Enterprise AI adoption is accelerating, but infrastructure complexity remains a major bottleneck. Mirantis is addressing this challenge head-on with their AI Factory Reference Architecture—a comprehensive blueprint designed to get AI workloads operational in days rather than months.
The Mainframe Revival: Why AI Infrastructure is Different
“We’ve moved back to the world of the mainframe, where applications are tightly coupled to the whole infrastructure stack,” explains Shaun O’Meara, CTO at Mirantis. This fundamental shift means traditional enterprise data center approaches don’t apply to AI workloads.
📹 Going on record for 2026? We're recording the TFiR Prediction Series through mid-February. If you have a bold take on where AI Infrastructure, Cloud Native, or Enterprise IT is heading—we want to hear it. [Reserve your slot
Randy Bias, VP of Open Source Strategy, draws parallels to supercomputing: “These systems are very different from typical enterprise data centers but have a lot in common with traditional supercomputing or high-performance computing systems.” The goal is aggregating multiple GPUs—816, 24, or 32 units—to function as a single system with contiguous memory.
Beyond GPU Hardware: The Complete Stack Challenge
While vendors like Nvidia provide GPU reference architectures, they leave critical gaps. “They leave the delivery of multi-tenancy, multi-cluster setups to the vendors,” notes O’Meara. The AI Factory Reference Architecture addresses these gaps by encompassing the entire ecosystem: DNS, identity management, and all supporting services needed for cloud providers to effectively sell GPU access.
The complexity extends beyond initial deployment. “Hardware is delivered racked and stacked, and then it can take months to sometimes years to get this hardware actually viable and working,” O’Meara explains. The reference architecture provides an opinionated, deployable solution to accelerate this timeline.
Kubernetes as the Super Control Plane
Central to the architecture is using Kubernetes not just as a scheduler, but as a “super control plane.” This approach maintains flexibility while providing standardization. “We’re using Kubernetes as the Super control plane here,” O’Meara emphasizes, “but we’re not just doing Kubernetes. We still have OpenStack as part of the offering.”
The platform’s composability allows organizations to swap components as needed while maintaining governance and control. This flexibility is crucial as AI frameworks evolve rapidly, requiring infrastructure that can adapt quickly to support new innovations.
Making Infrastructure Invisible for Data Scientists
Following the cloud computing model that made infrastructure disappear for developers, the AI factory aims to do the same for data scientists. “Data scientists care even less about the infrastructure,” Bias observes. “They need to get from data to trained models and then deploy their applications, and they just want the infrastructure to disappear.”
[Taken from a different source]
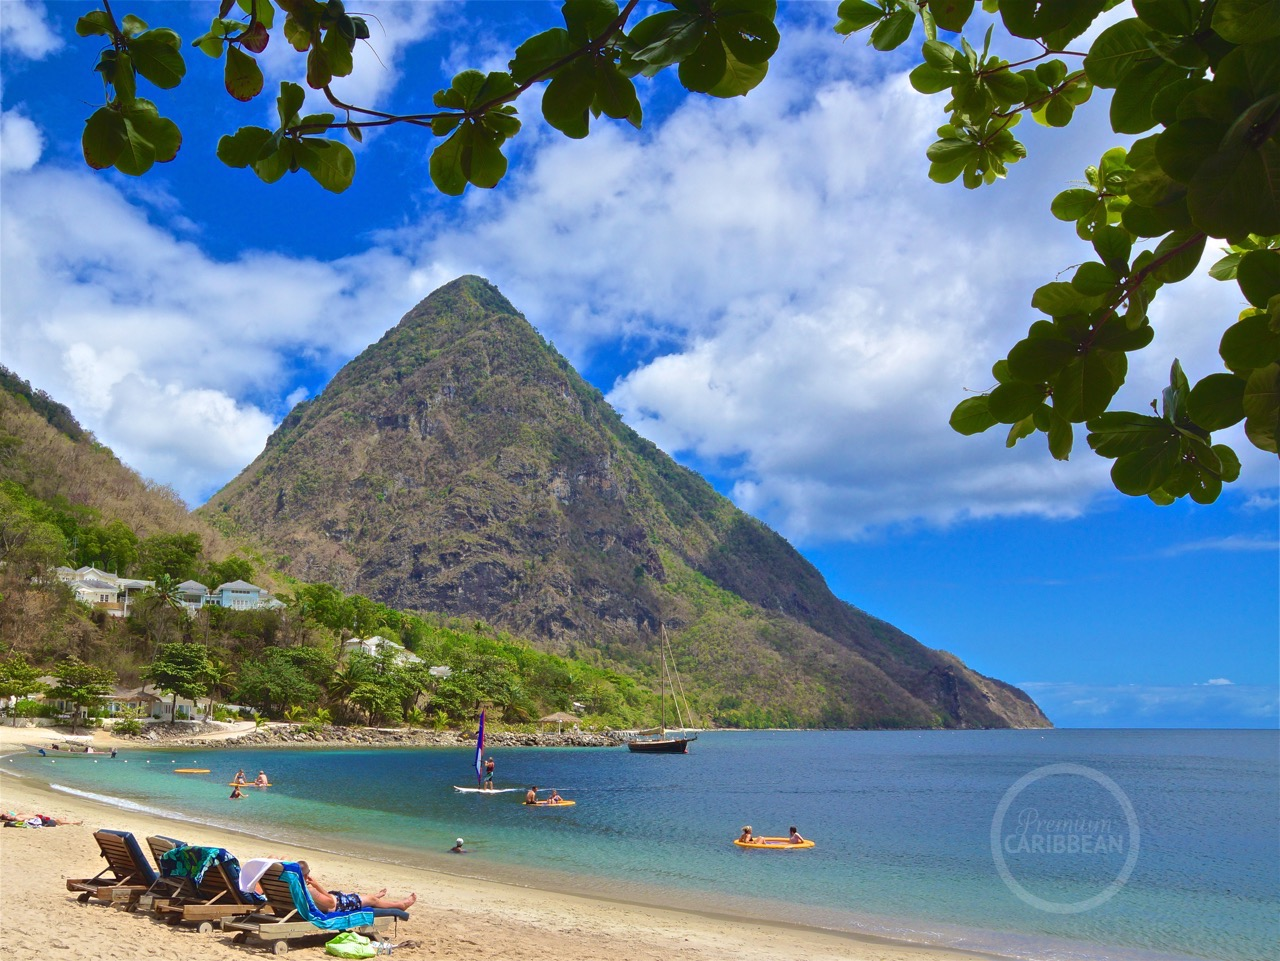 Petit Piton St. Lucia

The curated catalog includes CI/CD, observability, and security tools, enabling teams to compose their own stacks rather than being forced into rigid configurations. This approach reduces friction while providing standardization and guardrails.
Enterprise-Grade Security and Compliance
Drawing from their extensive experience with financial institutions and government organizations, Mirantis ensures the architecture meets stringent compliance requirements. “We’re really comfortable and familiar with their regulatory and governmental compliance requirements,” Bias explains.
The architecture supports deployment across on-premises, hybrid, and edge environments while maintaining consistency and security. The declarative approach allows organizations to define environment requirements and validate delivery matches expectations.
Looking Forward: Agentic AI and Beyond
The reference architecture is designed to evolve with the rapidly changing AI landscape. Future developments include agentic AI capabilities with enhanced security and governance features. “We’re starting to look at what it means for an enterprise to adopt agentic systems, agentic workflows,” Bias reveals.
The 80-page living document continues to grow as Mirantis incorporates new learnings and technologies. As O’Meara puts it, “Open source is not just about code; it’s about the sharing of knowledge.”